Spesso per parlare di istituti superiori la cui formazione è di tipo sociale e/o pedagogica si parla anche di _liceo sociopsicopedagogico_, _liceo pedagogico-sociale_,_liceo delle scienze sociali_ e da poco tempo anche di _liceo delle scienze umane_.
L'istituo in sé può essere di tipo tecnico (e allora si dice istituto tecnico sociopsicopedagogico, per esempio) o può essere un liceo a indirizzo psicopedagogico, per esempio.
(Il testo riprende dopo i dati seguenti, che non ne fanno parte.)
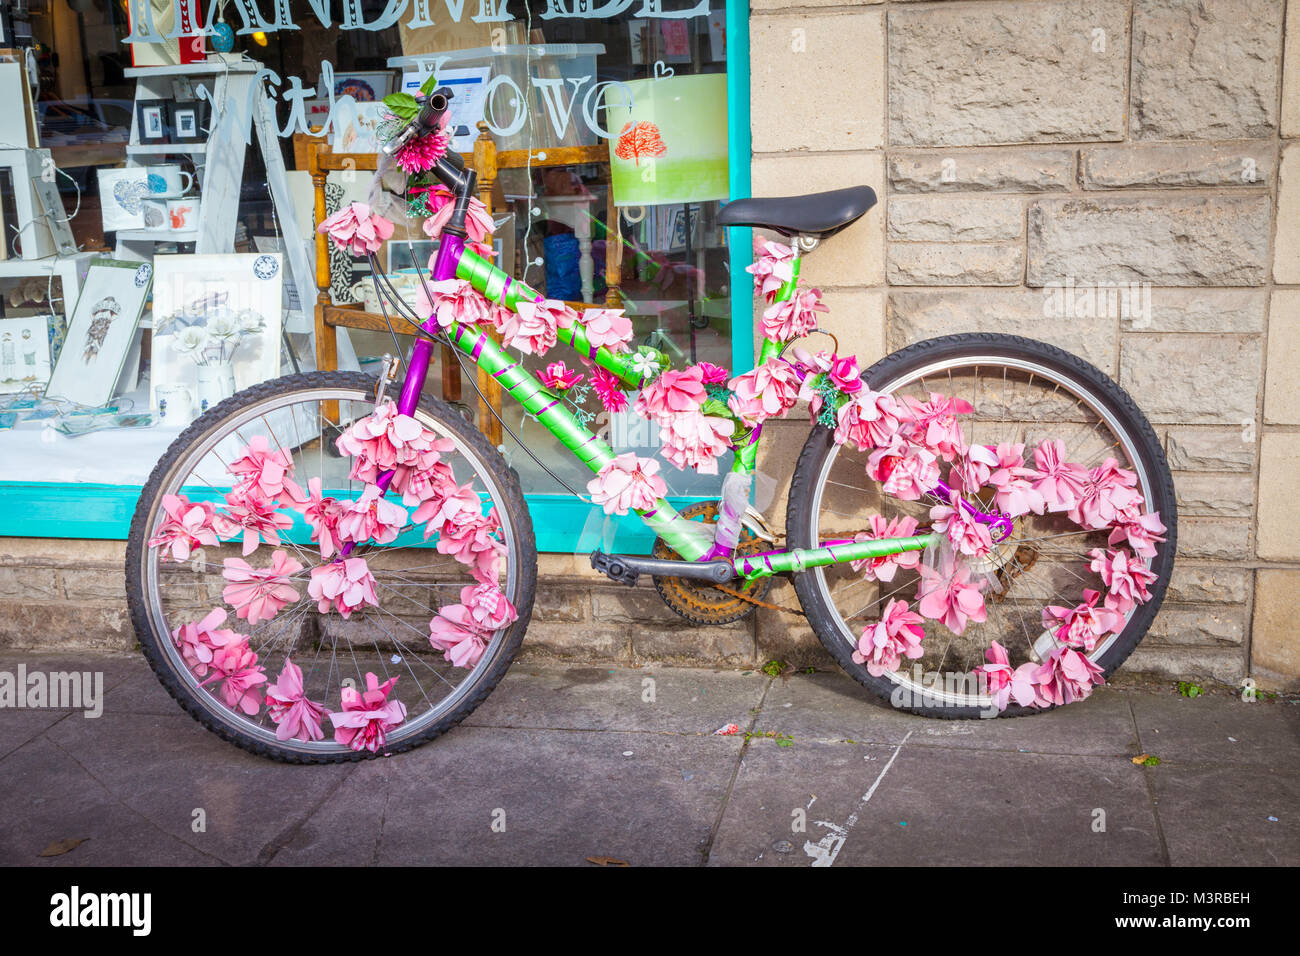 Decorated bike immagini e fotografie stock ad alta risoluzione - Alamy

Questo dipende dalla scuola che si sceglie, ma si tratta sempre di istruzione superiore e non universitaria.

Quindi ritornando alla domanda principale, cesar666cu, il diploma di maturità è semplicemente _le bac_, mentre quello magistrale è un tipo di _bac_ con specializzazione sociale e pedagogica.

Je sais que Corsicum avait déjà répondu à la question mais à mon avis il fallait spécifier certains détails.

Ciao! 

Laura


----------



## robertaL

Sì, credo che il diploma di maturità magistrale sia, come dice Laura, il BAC, con specializzazione socio-psicopedagogica. 
la confusione dipende dal fatto che, con la riforma universitaria del 3+2, adesso si hanno:
- il diploma di Laurea triennale (Bac+3 Diplôme de Licence)
- il diploma di Laurea Magistrale (Bac+5 Diplôme de Master (II) )

tra l'altro nessuno di questi due corrisponde al CAPES, cui invece corrisponde (molto approssimativamente) la SSIS, ormai defunta, o, più semplicemente l'"abilitazione all'insegnamento". 

Ma un diploma di Maturità è senza dubbio un BAC.


----------